In some motorsport events, including Formula One, a representative of the team that won the race will also be present at the podium, with a fourth podium step, trophy and champagne. In some series, drivers are provided with a baseball cap with the logo of the series' tyre provider to wear while on the podium. In an international series, the national anthem of the winning driver, and the winning team or constructor may be played over a public address system and the flags of the drivers' countries are hoisted above them. The recordings are short versions of the national anthems, ensuring the podium ceremony stays within its allocated time. Should a driver experience problems with his car on a slow lap in Formula One, that driver is transported to the pit lane via road car by the Formula One Administration security officer.

Following the presentation of the trophies, the drivers will often spray Champagne over each other and their team members watching below, a tradition started by Dan Gurney following the 1967 24 Hours of Le Mans race. The drivers will generally refrain from spraying champagne if a fatality or major accident occurs during the event. Also, in countries where alcohol sponsorship or drinking is prohibited, alcoholic beverages may be replaced by other drinks, for example rose water.

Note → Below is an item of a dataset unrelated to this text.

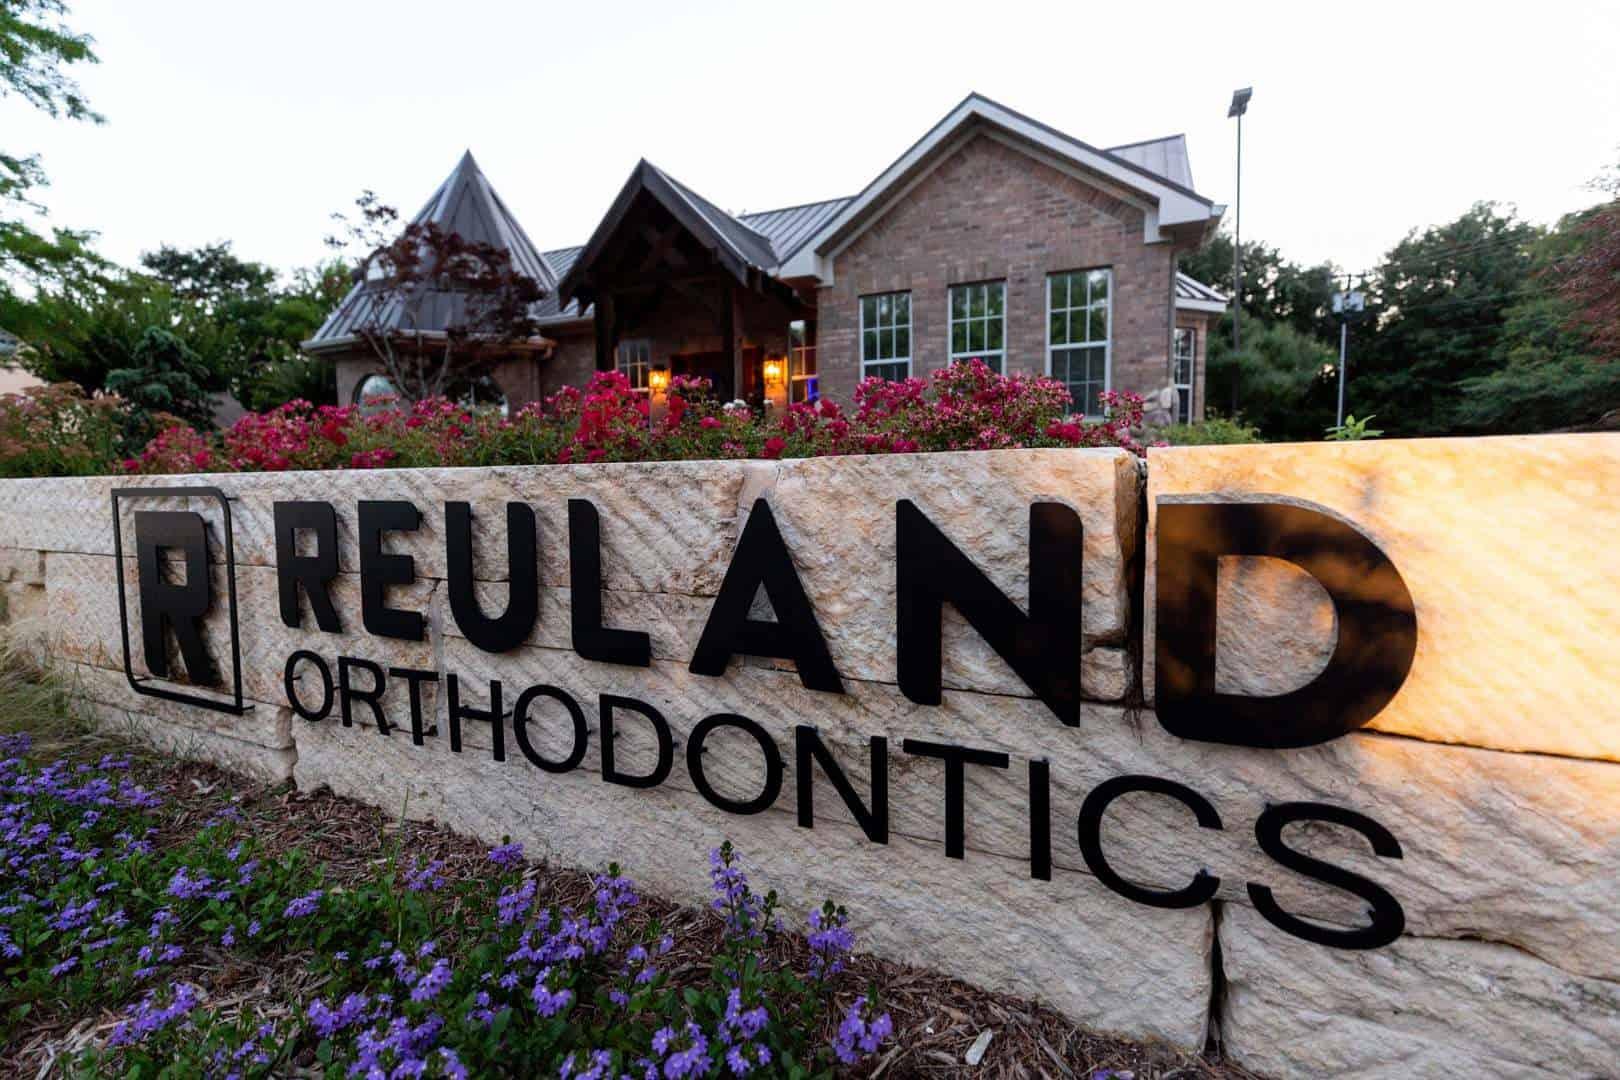 Random Reuland Orthodontics 2018 66 - We're celebrating a HUGE Milestone!

The term has become common parlance in the media, where a driver may be said to "be heading for a podium finish" or "just missing out on a podium" when he is heading for, or just misses out on a top three finish. The NASCAR Cup Series, the highest level of stock car racing in the United States, does not use a podium in post-game events or statistics. Instead, the winning team celebrates in victory lane, and top-five and top-ten finishes are recognized statistically. Those finishing second to fifth are required to stop in a media bullpen located on pit lane for interviews. The INDYCAR NTT IndyCar Series does not use a podium at either the Indianapolis 500 or at Texas Motor Speedway. The Indy 500 has a long tradition of the winning driver and team celebrating in victory lane, while Texas Motor Speedway president Eddie Gossage has stated that victory lane should be reserved for the winner of the race. The series uses a podium at all other races, particularly road course events.

==In architecture==

Architectural podiums consist of a projecting base or pedestal at ground level, and they have been used since ancient times. Originally sometimes only meters tall, architectural podiums have become more prominent in buildings over time, as illustrated in the gallery.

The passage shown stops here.